– Так-то оно так… Да трудно мне будет: я ведь знаю, как в уездном училище учат!
– Все больше розгой да линейкой, – заметил Кольцов.
– Вот-вот! А я хочу вывести это из употребления. Да и учебники – горе одно…
Принесли самовар, закуски. Горячий чай с ромом заметно оживил Станкевича. Щеки его порозовели. С увлечением рассказывая о планах будущей деятельности, он то и дело оттягивал ворот фуфайки и прихватывал его зубами.
– Учебники надо составить новые, естествознание ввести обязательно, – загибая пальцы, перечислял он. – О, тут, знаете ли, работы – край непочатый! Но как вообразишь себе эти деревянные лица острогожских чиновников – страх берет…. Не уживусь!
– Это верно, трудненько вам придется, – согласился Кольцов.
– Глупостей наделаю, – враз как-то помрачнел Станкевич. – Меня иногда черт толкает… Я, когда маленький был, одному купцу на лысину плюнул.
– Да для чего же? – расхохотался Кольцов.
– А так.

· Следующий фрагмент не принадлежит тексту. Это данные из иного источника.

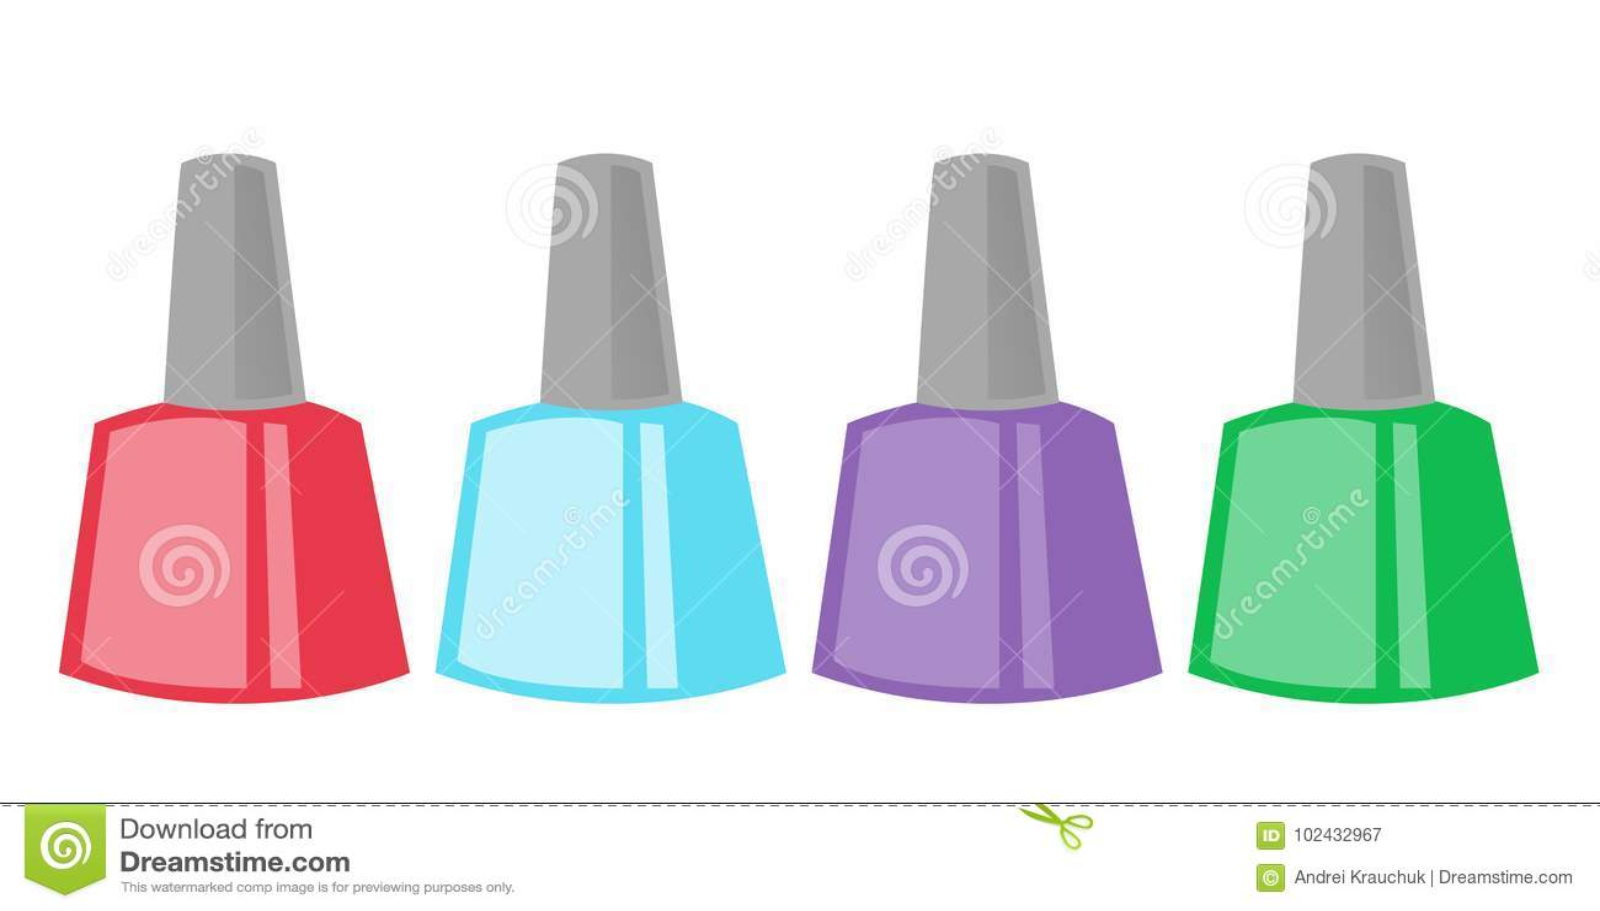 Nail Polish Bottles Vector Cartoon Illustration. Stock Vector ...
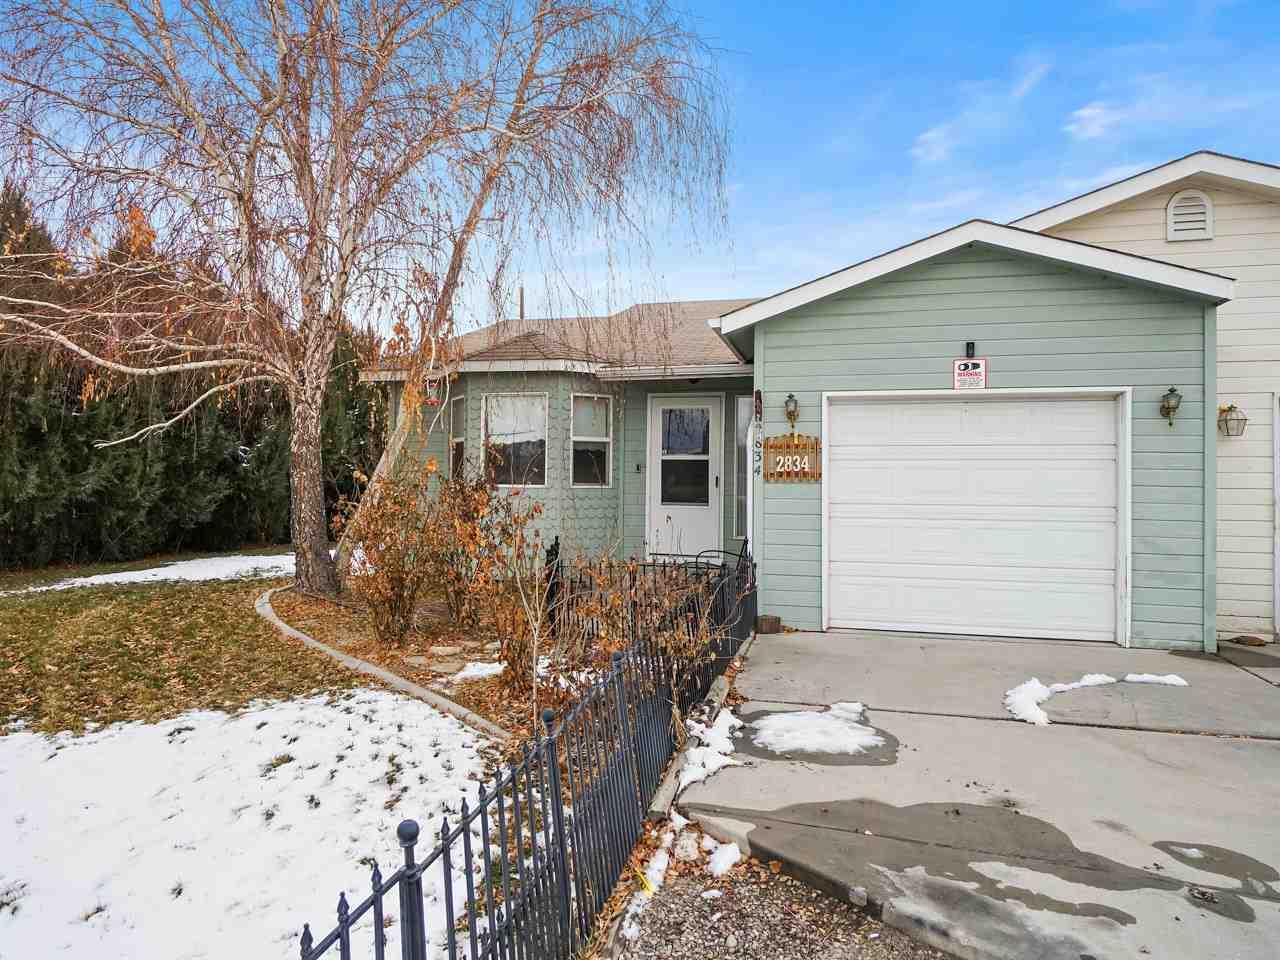 Morningside 2 Real Estate Listings Main Image

Противным показался, я и плюнул!
6
Дианка спала на диване и видела охотничьи сны – вздрагивала, рычала, перебирала лапами. За окнами не унималась метель.
Кольцов прочел новые стихи. Минуты две Станкевич сидел молча, как будто еще прислушиваясь. Кольцов исподлобья поглядывал на него. Как всегда, прочитанное показалось ему пустым, невыразительным. Часом раньше эти стихи пели, расцветали удивительно яркими картинами, а сейчас вдруг увяли, поблекли. Сделалось досадно и совестно: бог знает в какую даль перся, средь ночи взбулгачил хорошего человека… а зачем? Для чего?
– А знаете, – наконец заговорил Станкевич, – ведь вы не просто – поэт. Вы – явление.
– Как?! – Кольцов привстал даже. – Как вы сказали?
– Явление. То, что вы мне сейчас прочли – какой меркою мерить? Не знаю… Как судить о соловье? Поет – и все.
– Это меня, что ль, с соловьем равняете? – Кольцов покосился недоверчиво.
– Именно это мне пришло в голову: да, соловей! Очень прошу, милый друг, прочтите еще раз последнее…
– Извольте-с.
Ободренный словами Станкевича, он снова читал.
И снова пели стихи, и он уже не сомневался в их песенной силе.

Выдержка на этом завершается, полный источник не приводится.